Morphin, with few exceptions, is a cardiac tonic and a cardiac stimulant, unless the dose is much too large. As long as the bowels are daily moved and the food is not given at the time of the full action of the morphin, when digestion might be delayed or interfered with, in most patients the action of this drug during serious illness is entirely for good. The greatest mistake in using morphin for the production of sleep, or for physical and mental rest and comfort when there is not severe pain, is in giving too large a dose. If pain is not severe, or due to inflammatory distention of some undilatable part, to pressure on some nerve, to distention of some tube by a calculus or to some serious injury to the nerves, large doses of morphin are not needed. Small doses will act much more efficiently. It is excessively rare that a hypodermic of one- fourth grain of morphin sulphate is needed, except for the conditions enumerated. It is often a fact that so small a dose as one-eighth grain of morphin or even one-sixth grain will cause sufficient stimulation of a nervous patient, because its primary stimulant effect on the spinal cord is greater than its depressant effect on the brain, to require another dose (one-fourth grain altogether) to give such a patient rest.

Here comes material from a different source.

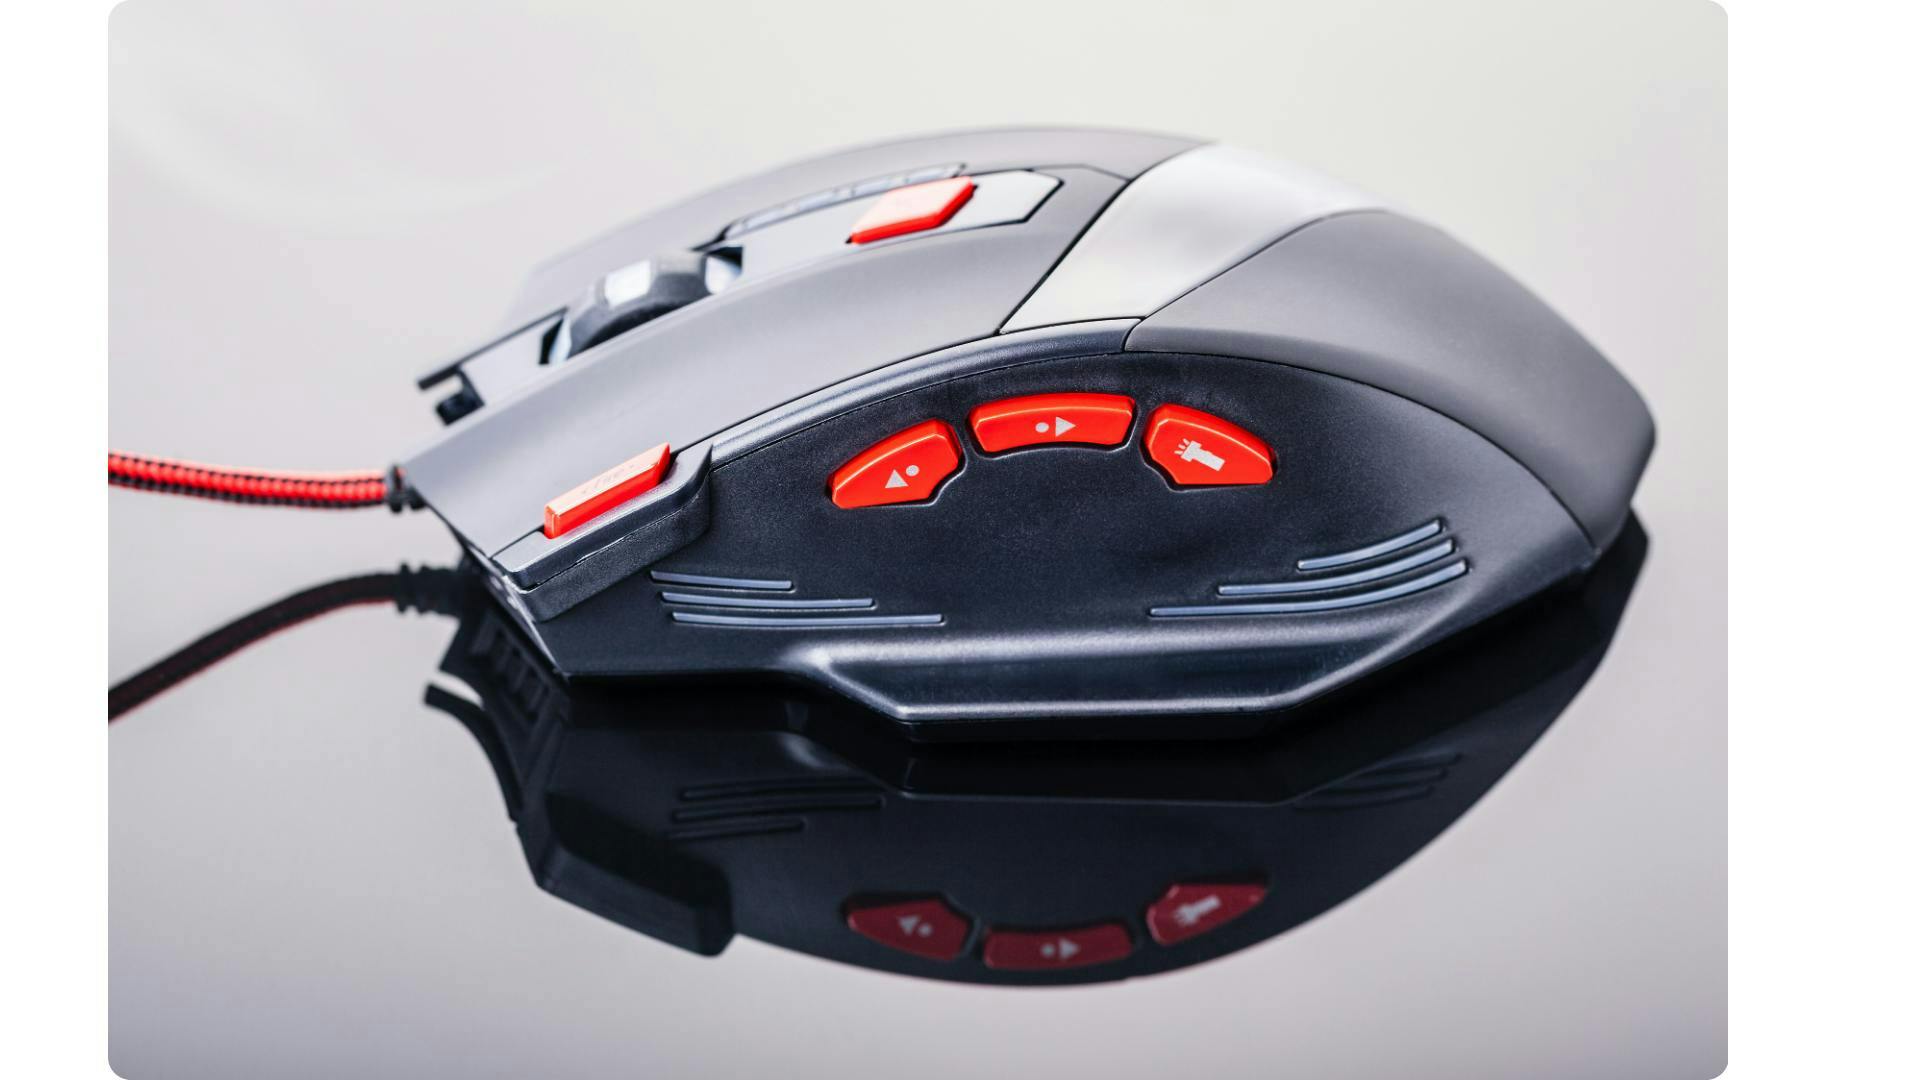 A gaming mouse viewed from the side with multiple additional buttons. | Credit: Canva.

On the other hand, this patient may many times be quieted by one-tenth grain of morphin sulphate on account of the size of the dose being not sufficient to stimulate the spinal cord. Many a time clinically when one-eighth grain has failed, a dose of one-fourth grain having been apparently necessary, a change to one-tenth grain has proved entirely and perfectly satisfactory.
DIET
As intimated in the preceding paragraph, the diet during endocarditis must be carefully regulated. It must be sufficient, and appropriate for the disease in which the complication occurs, but it must be in such dosage and administered with such frequency as to cause the least possible indigestion. Large amounts of milk are rarely advisable. Too much milk is certainly given, even in rheumatism. While pretty well tolerated by children, it is often badly tolerated as far as digestive symptoms are concerned, by adults. The amount of liquid given should be governed by the amount of urine pa.s.sed and by the amount of perspiration. The patient should not be overloaded with liquid if he does not need it. Enough carbohydrate must be given.
LAXATIVES
If the bowels are known to be in excellent condition and not loaded with fecal matters, brisk catharsis is not needed simply because endocarditis has developed. If the bowels have been neglected, a small dose of calomel, aided by a compound aloin tablet, is necessary and good treatment. Subsequent movements of the bowels should be daily obtained by vegetable laxatives with occasional enemas, as needed. With all inflammation of the heart and the possibility of myocarditis developing or being actually present, it is not advisable to use salines freely or often.